** Data provided **
════════════════

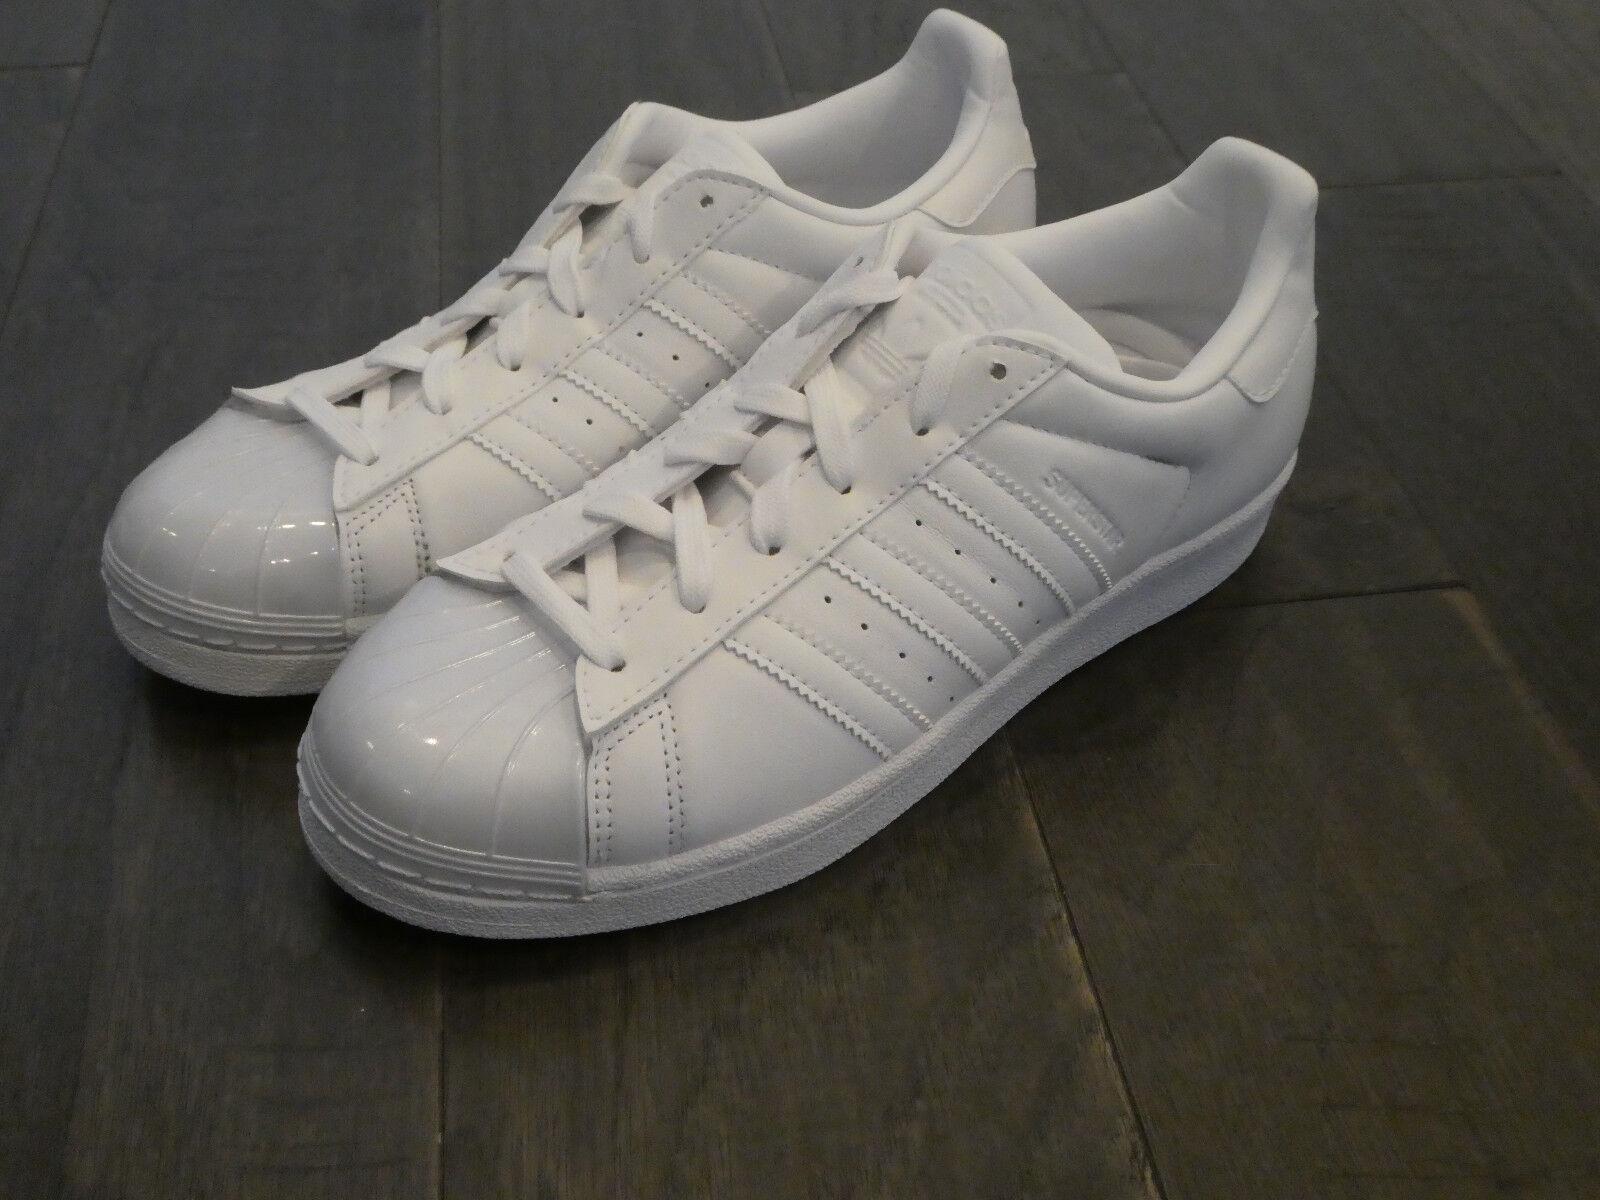 chaussures chaussures adidas  s s s superstar branchés nouvelles bb0863 Blanc  4b2547
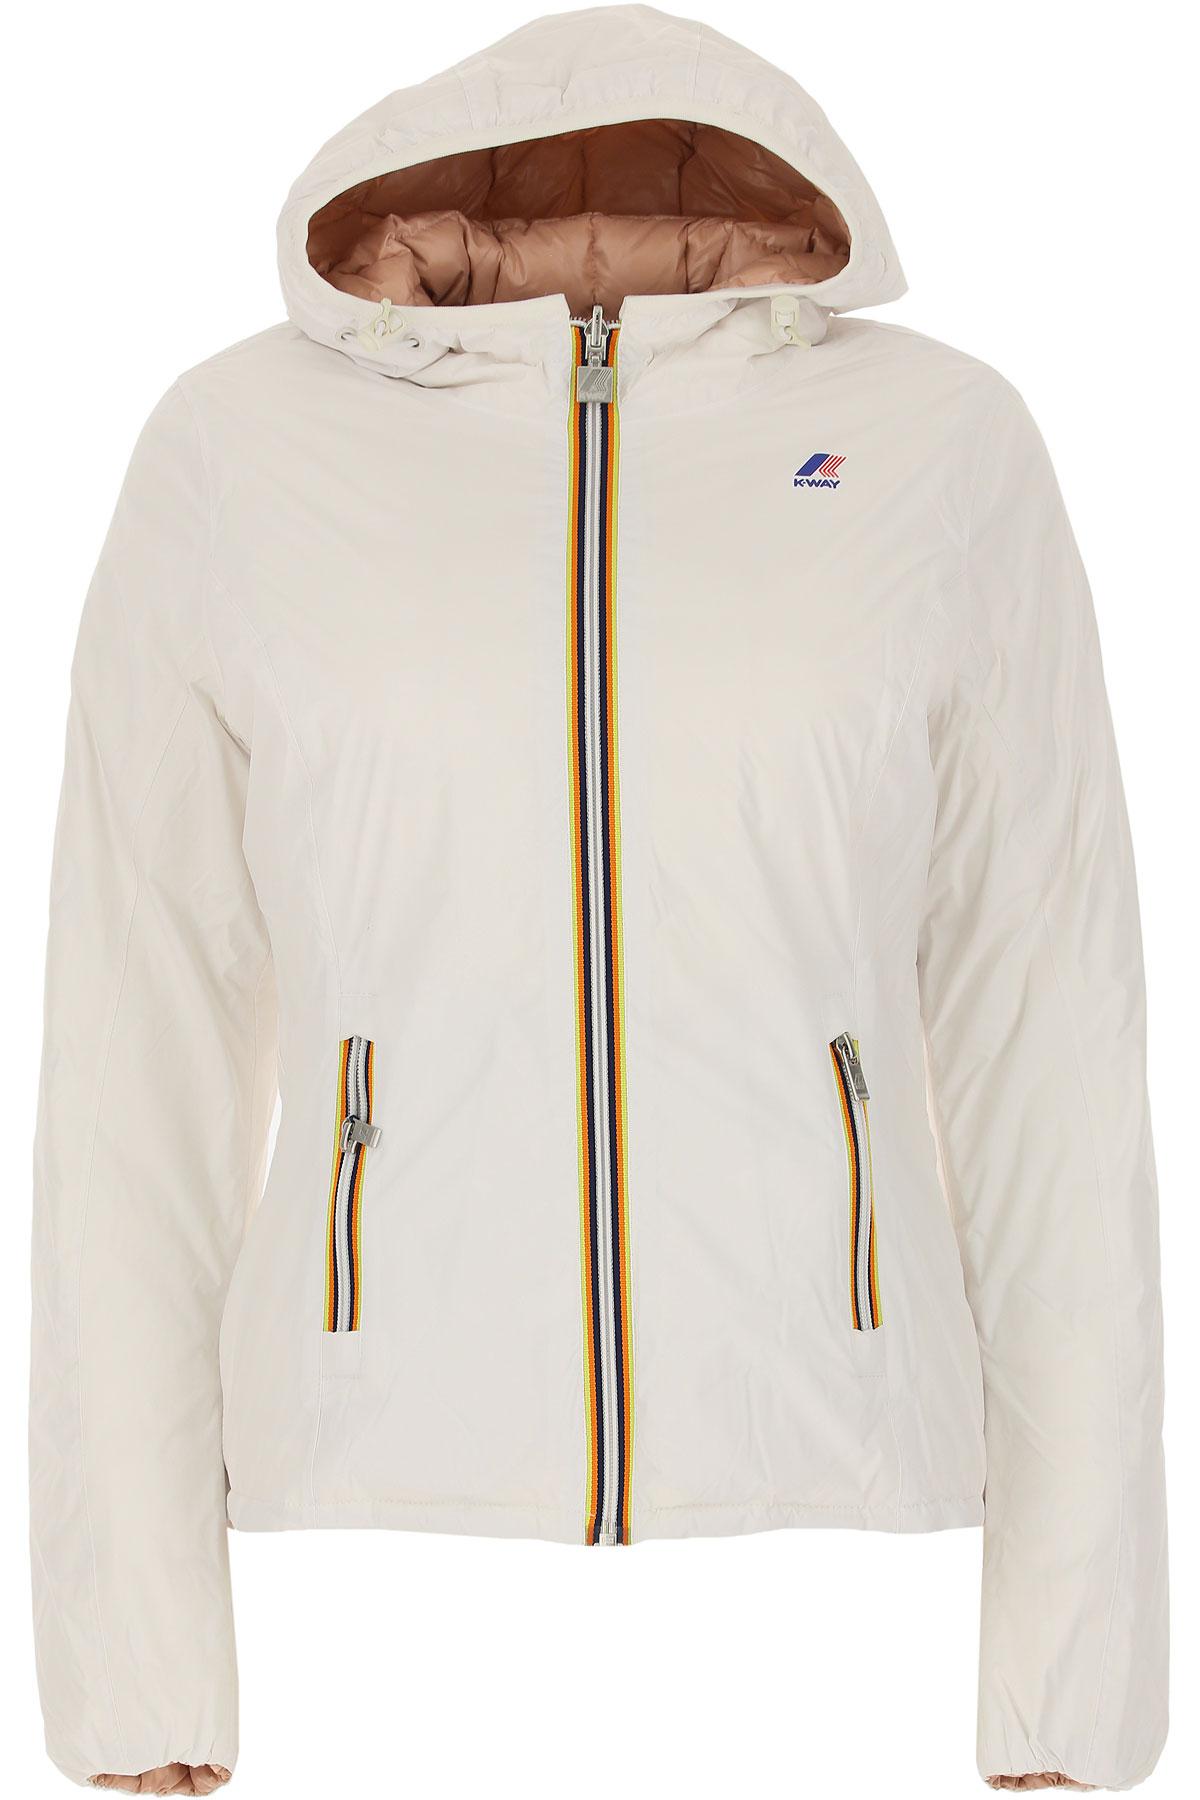 K-Way Down Jacket for Women, Puffer Ski Jacket On Sale, Reversible, White, Down, 2019, 40 44 46
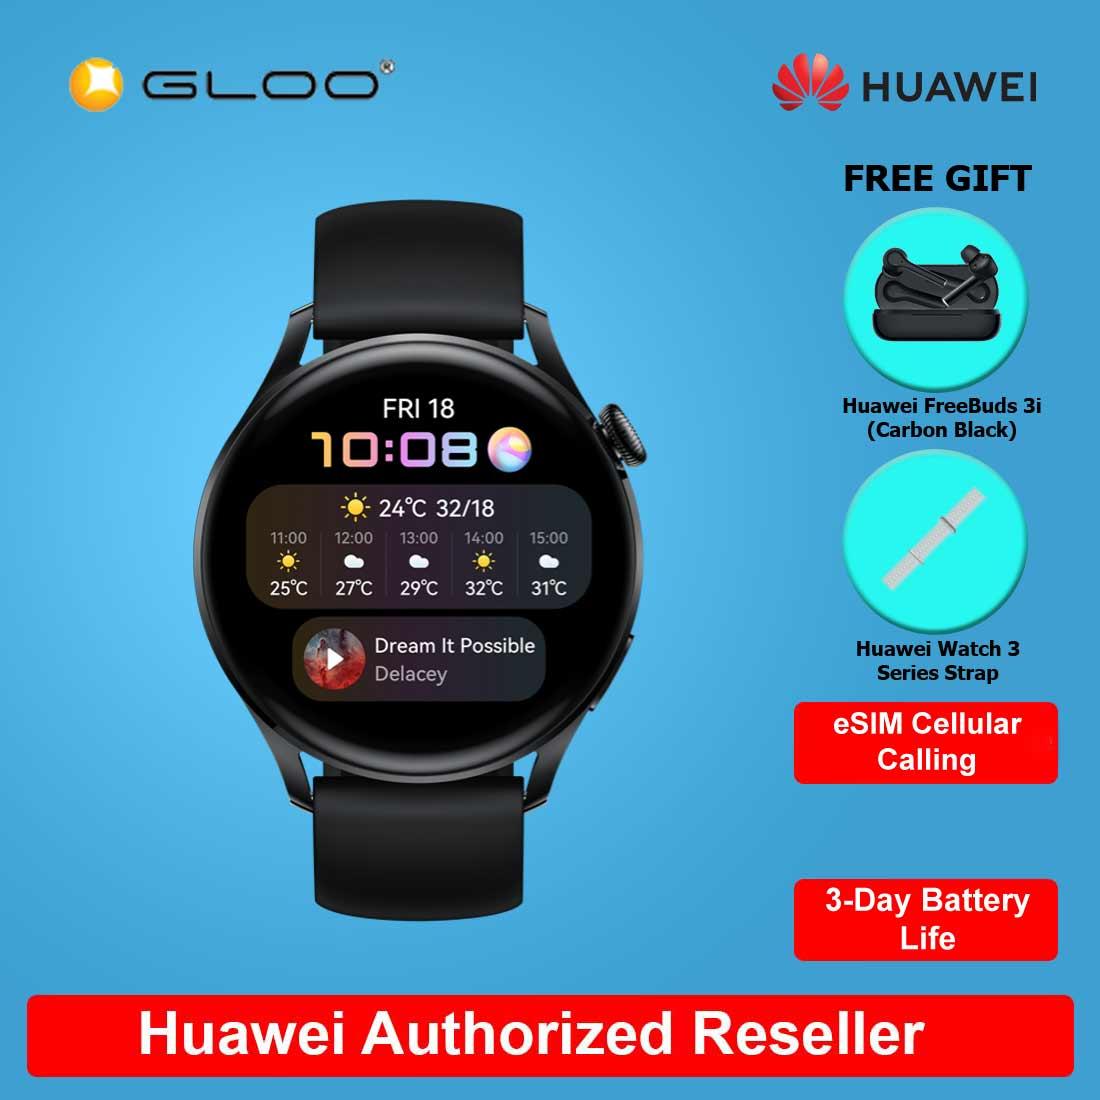 [Pre-order] Huawei Watch 3 FREE Huawei FreeBuds 3i Carbon Black + Huawei Watch 3 Series Strap (ETA:15.7.2021)

════════════════

** Task description **
Please transcribe each line above exactly, but leave the images out.

** Written answer **
 chaussures chaussures adidas  s s s superstar branchés nouvelles bb0863 Blanc  4b2547
 K-Way Down Jacket for Women, Puffer Ski Jacket On Sale, Reversible, White, Down, 2019, 40 44 46
 [Pre-order] Huawei Watch 3 FREE Huawei FreeBuds 3i Carbon Black + Huawei Watch 3 Series Strap (ETA:15.7.2021)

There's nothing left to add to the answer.